With a purpose defined and continually communicated, it then becomes critical to know how the proposed change is ‘hitting’ an often large, complex population of people. Here technological and analytical advances are having a significant impact on the ability to intelligently segment a change population, understand how they interact and work, and track their experiences with a proposed change, all in time to intervene and enable as needed.
Consider segmentation. Traditional methods were limited by the analysis of factors, such as level, title, function or business unit. But new approaches enable these demarcations to be supplemented by psychological factors as well, measuring whether a group tends to ‘lean into’ change or shy away from it, or how they like to consume and process new ideas and information. And the combination of traditional segmentation techniques with the new is proving to be particularly powerful.

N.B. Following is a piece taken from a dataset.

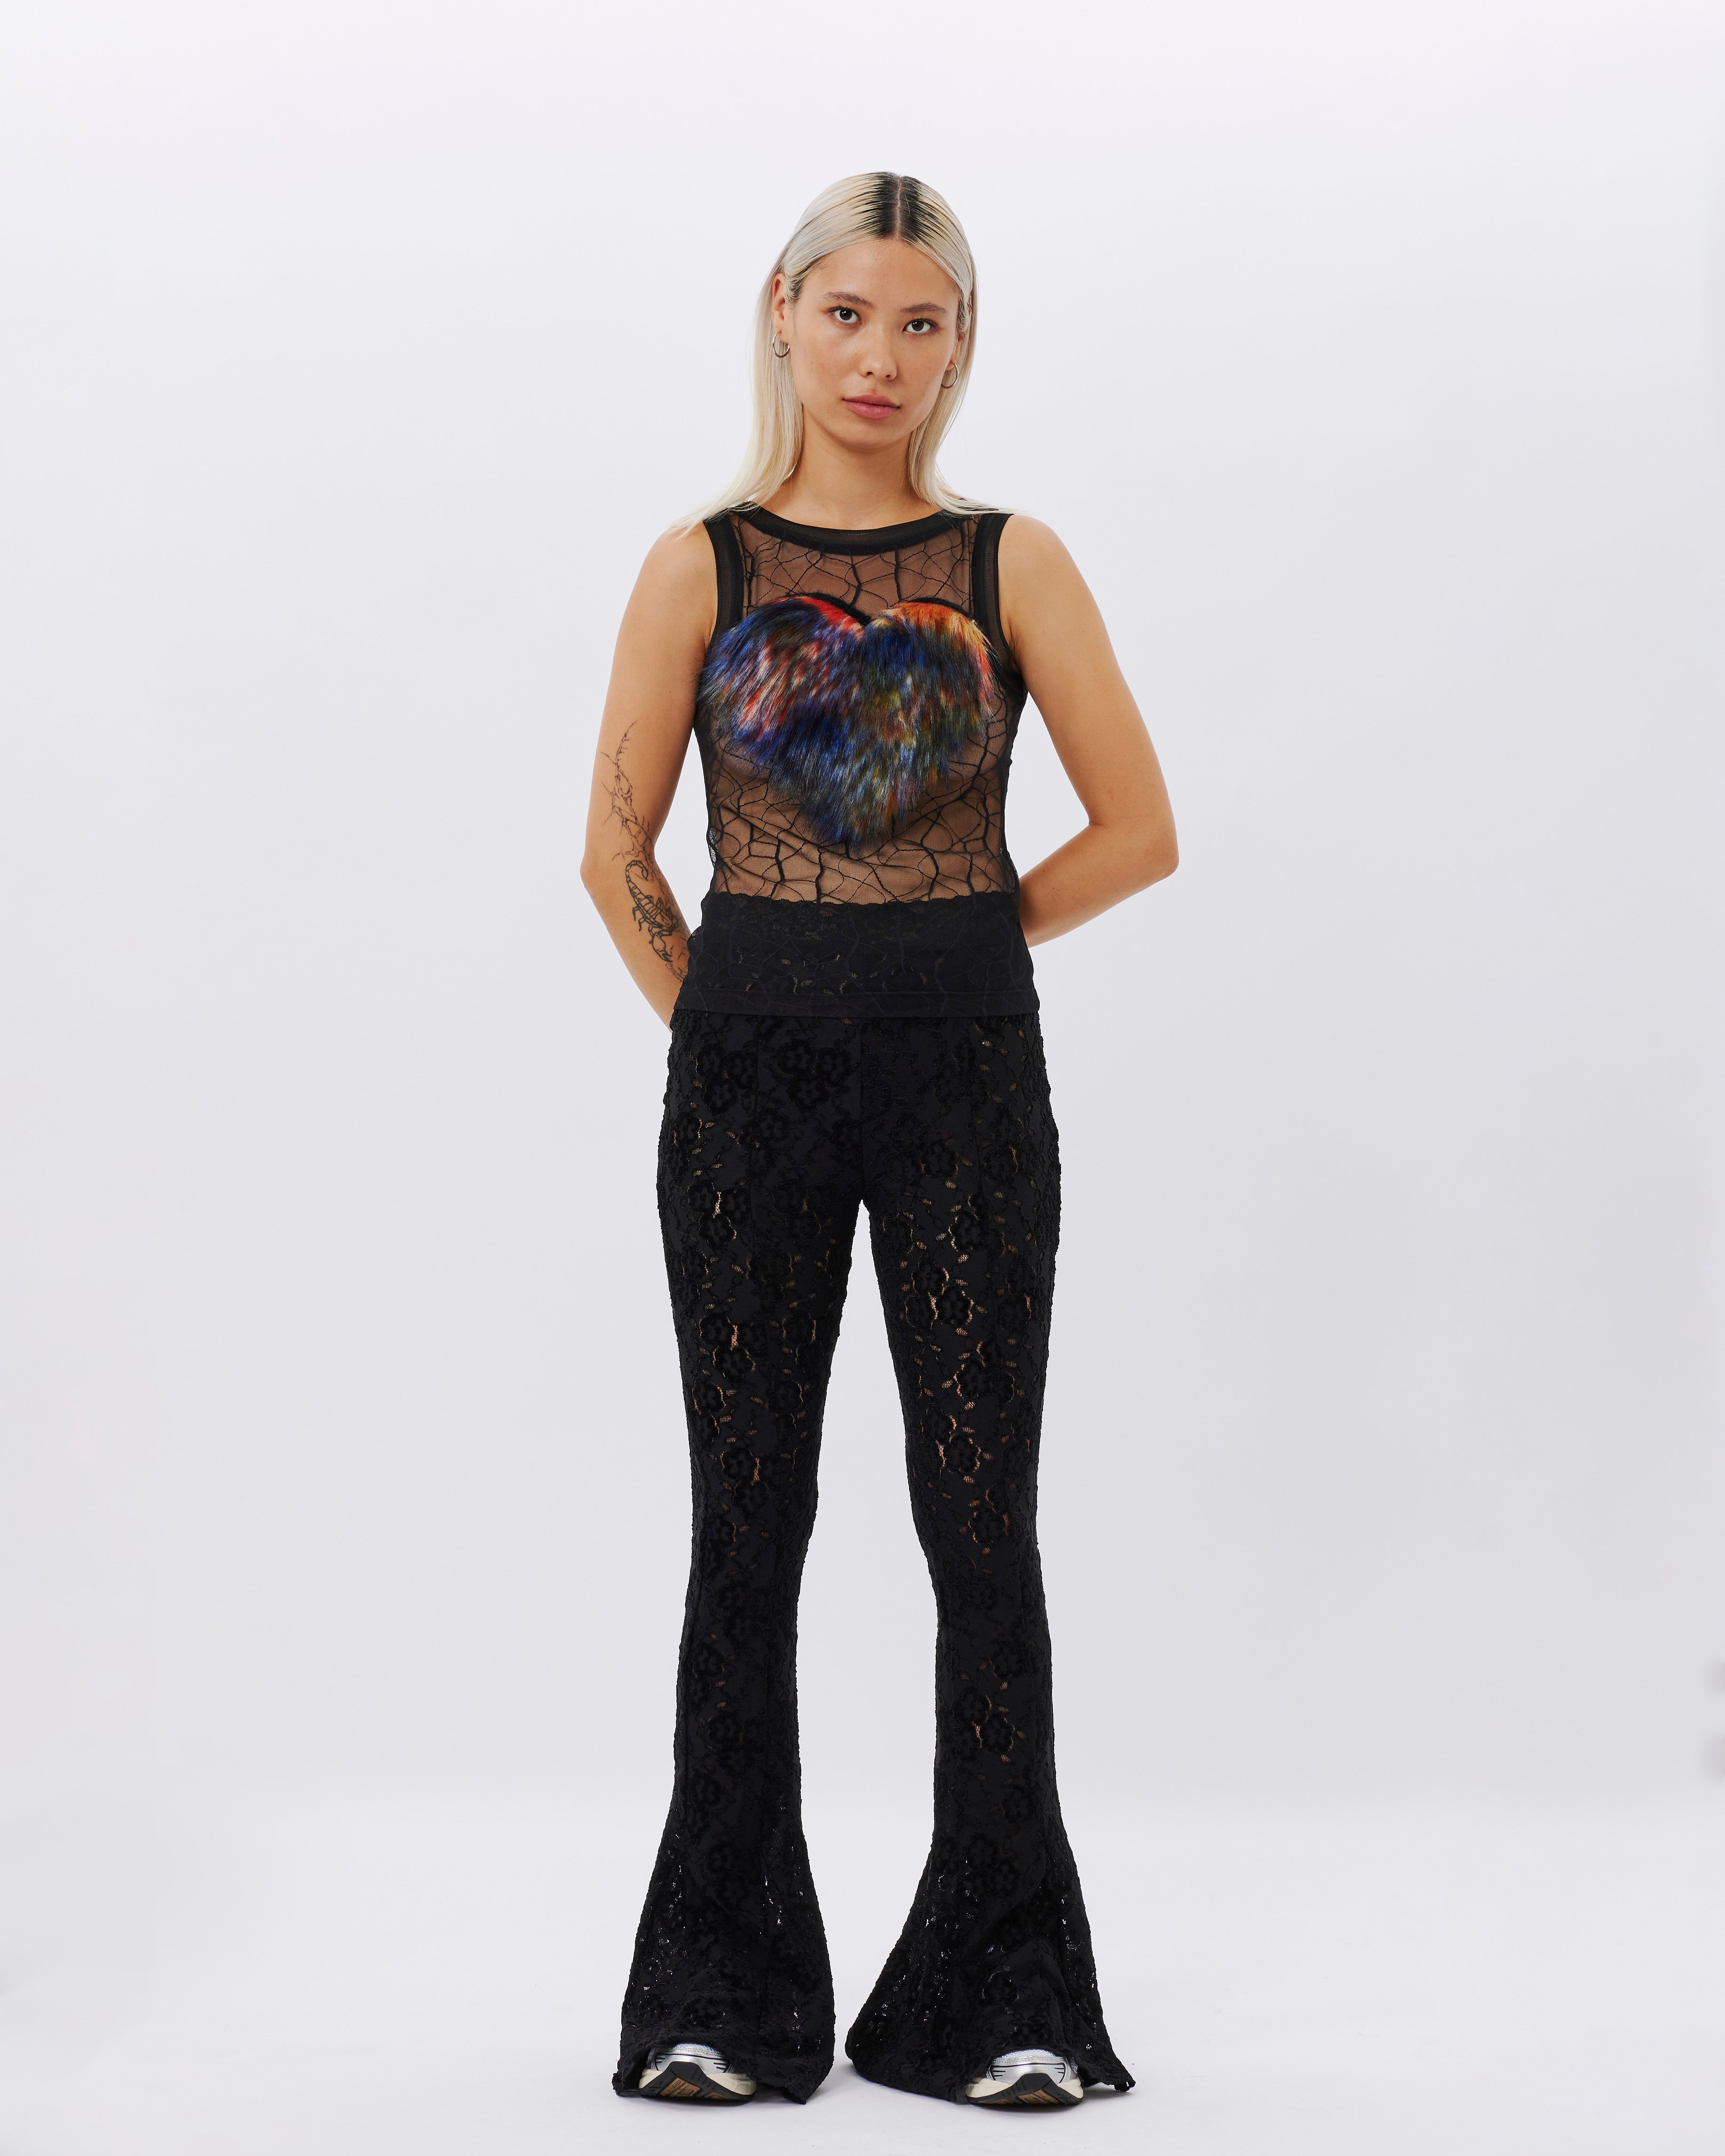 Andersson Bell See-Through Lace Bootcut Pants BLACK apa655w-BLK

New methods and technologies are also revealing the ‘true’ organization as well: who talks to whom, who influences whom, and the specific people that must be brought ‘onboard’ for the change to take root and stick. It is often the case that the real leaders of an organization are not always the ones listed on an organizational chart, and that information flows in ways that are very different than official channels. Knowledge of both provides critical influence.
Finally, we are much better at measuring and analyzing not only how a change program is affecting a given population, but what they think and feel by supplementing traditional survey-based methods with new ones rooted in natural language processing of unstructured data — the very words employees use when they speak in their own voice.
This ultimate impact of these advances is that leaders can understand how capably their organization is handling change, both at the macro and micro levels. More importantly, they can point to areas where action is needed; where transformation is stalling, or where key groups need more direction, earlier inclusion and participation, or clearer communication to become more fully immersed in the change’s success.
Making a science of the art
Digital technologies and new analytical techniques are helping change practitioners to turn the art of change management into much more of a science, and we are at the beginning of what will surely be a long journey.
Over the long term, the effectiveness of these tools will improve exponentially as businesses gather increasing volumes of change and people-focused data. Similarly, as artificial intelligence is more deeply connected with human intuition, companies will be better positioned to initiate, track and manage change. Managers will have clearer insight into placing the right people in the right roles — and be armed with real time dashboards that keep track of what matters. Combined with a people-focused, purpose-driven approach to change management, these technologies are playing a powerful role in creating employee experiences that not only survive change but thrive in it.